Track Rate Limit Events

@Tool({ name: 'monitored_tool' })
@RateLimit({ requests: 100, window: '1h' })
async monitoredTool(input: any, ctx: ExecutionContext) {
  try {
    return await this.process(input);
  } catch (error) {
    if (error.code === 'RATE_LIMIT_EXCEEDED') {
      ctx.emit('rate_limit.exceeded', {
        userId: ctx.auth?.subject,
        tool: ctx.toolName,
        limit: 100
      });
    }
    throw error;
  }
}

Metrics Collection

@Injectable()
export class RateLimitMetrics {
  private exceeded = 0;
  private allowed = 0;
  
  @OnEvent('rate_limit.exceeded')
  handleExceeded() {
    this.exceeded++;
  }
  
  @OnEvent('rate_limit.allowed')
  handleAllowed() {
    this.allowed++;
  }
  
  getMetrics() {
    const total = this.exceeded + this.allowed;
    return {
      exceeded: this.exceeded,
      allowed: this.allowed,
      rejectionRate: total > 0 ? this.exceeded / total : 0
    };
  }
}

Best Practices

1. Set Appropriate Limits

// ✅ Good - Match resource consumption
@RateLimit({ requests: 1, window: '5s' })    // Very expensive operation
@RateLimit({ requests: 100, window: '1h' })  // Moderate operation
@RateLimit({ requests: 1000, window: '1h' }) // Light operation

// ❌ Avoid - Too restrictive or too lenient
@RateLimit({ requests: 1, window: '1h' })    // Too strict
@RateLimit({ requests: 1000000, window: '1s' }) // Too lenient

2. Use Per-User Limits

// ✅ Good - Per user
@RateLimit({
  requests: 100,
  window: '1h',
  key: (ctx) => ctx.auth?.subject || ctx.metadata.ip
})

// ❌ Avoid - Global limit (DDoS vulnerable)
@RateLimit({ requests: 1000, window: '1h' })

3. Provide Clear Errors

// ✅ Good - Helpful message
@RateLimit({
  requests: 10,
  window: '1m',
  message: 'Rate limit: 10 requests per minute.

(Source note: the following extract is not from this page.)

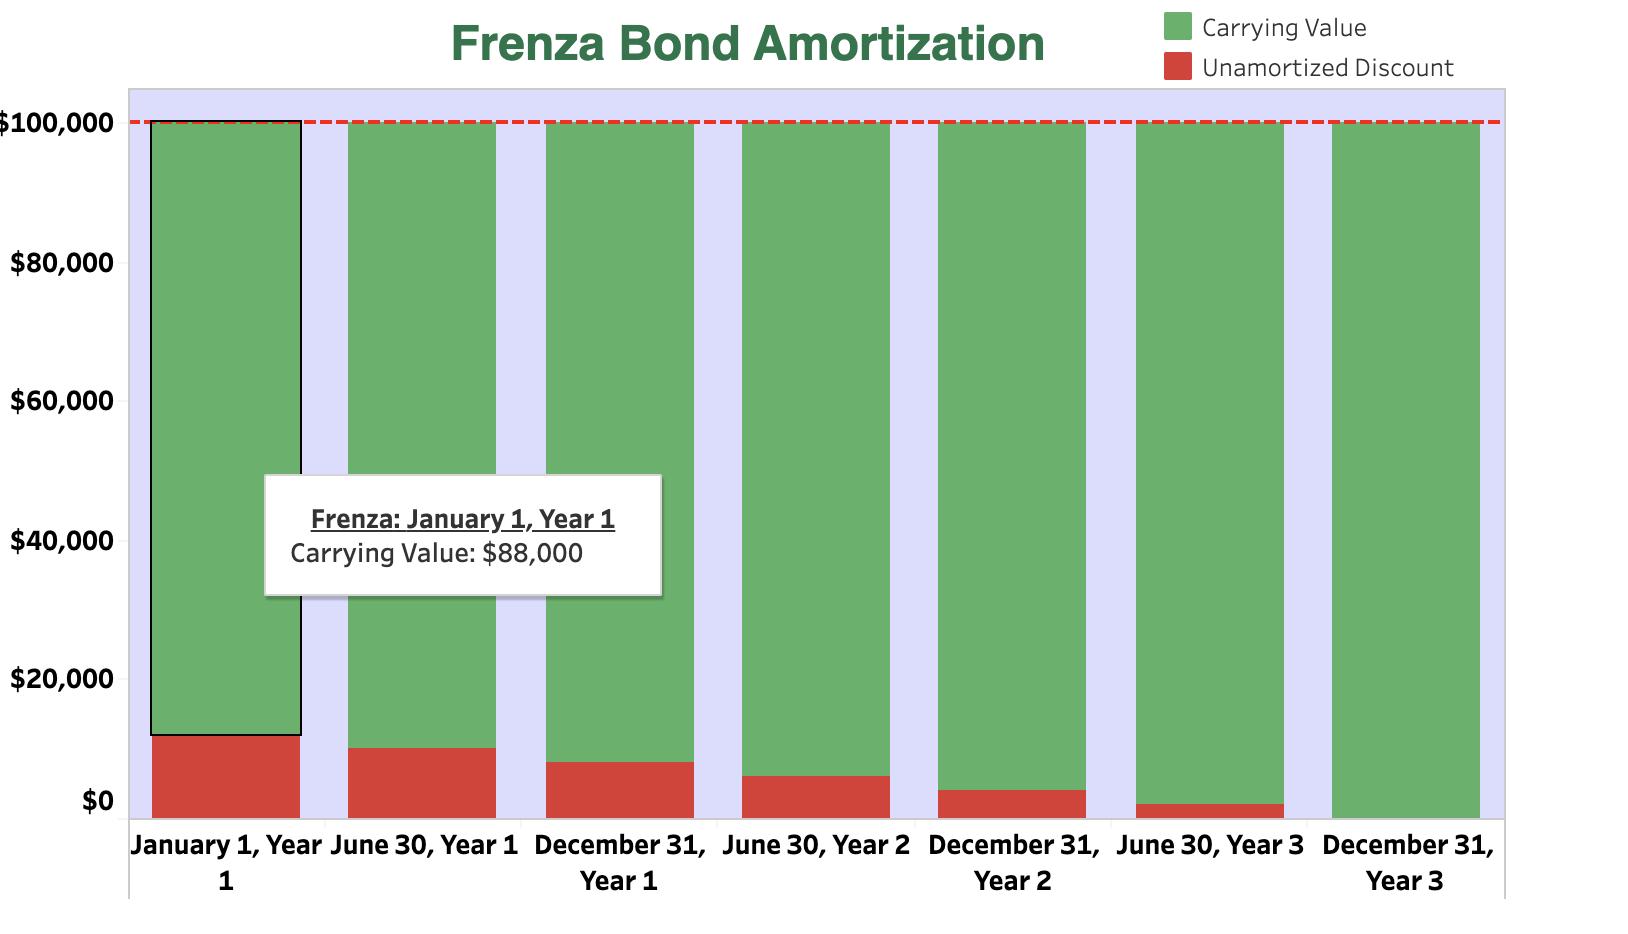 Frenza Bond Amortization Carrying Value Unamortized Discount $100,000 $80,000 $60,000 $40,000 Frenza: January 1, Year 1 Carry

Please slow down.'
})

// ❌ Avoid - Generic message
@RateLimit({
  requests: 10,
  window: '1m',
  message: 'Error'
})

4. Monitor and Adjust

// Track metrics
@OnEvent('rate_limit.exceeded')
async handleExceeded(data: any) {
  await this.metrics.record('rate_limit_exceeded', {
    userId: data.userId,
    endpoint: data.tool
  });
  
  // Alert if too many users hitting limits
  if (await this.metrics.getExceededRate() > 0.1) {
    await this.alerts.send('Rate limits may be too strict');
  }
}

5. Implement Graceful Degradation

@Tool({ name: 'search' })
@RateLimit({ requests: 100, window: '1h' })
async search(input: any, ctx: ExecutionContext) {
  try {
    return await this.fullSearch(input);
  } catch (error) {
    if (error.code === 'RATE_LIMIT_EXCEEDED') {
      // Fall back to basic search
      return await this.basicSearch(input);
    }
    throw error;
  }
}

Common Patterns

Email Sending

@Tool({ name: 'send_email' })
@RateLimit({ requests: 10, window: '1m' })   // Per minute
@RateLimit({ requests: 100, window: '1h' })  // Per hour
@RateLimit({ requests: 500, window: '1d' })  // Per day
async sendEmail(input: any) {
  // Prevent email spam
}

API Calls

@Tool({ name: 'external_api' })
@RateLimit({
  requests: 50,
  window: '1m',
  key: (ctx) => ctx.auth?.apiKey || 'anonymous'
})
async callExternalApi(input: any) {
  // Comply with external API limits
}

File Uploads

@Tool({ name: 'upload_file' })
@RateLimit({ requests: 5, window: '1m' })  // Prevent abuse
async uploadFile(input: any) {
  // Limit upload frequency
}

Troubleshooting

Users Hitting Limits

Check if limits are too strict
Verify window is appropriate
Consider tiered plans
Monitor legitimate usage patterns

Limits Not Working

Verify decorator is applied
Check rate limit key is correct
Ensure storage backend is working
Test with multiple requests

Performance Issues

Use Redis for distributed systems
Implement sliding windows
Clean up expired keys
Monitor storage size

Next Steps

Pro Tip: Start with generous limits and tighten based on actual usage patterns and resource availability!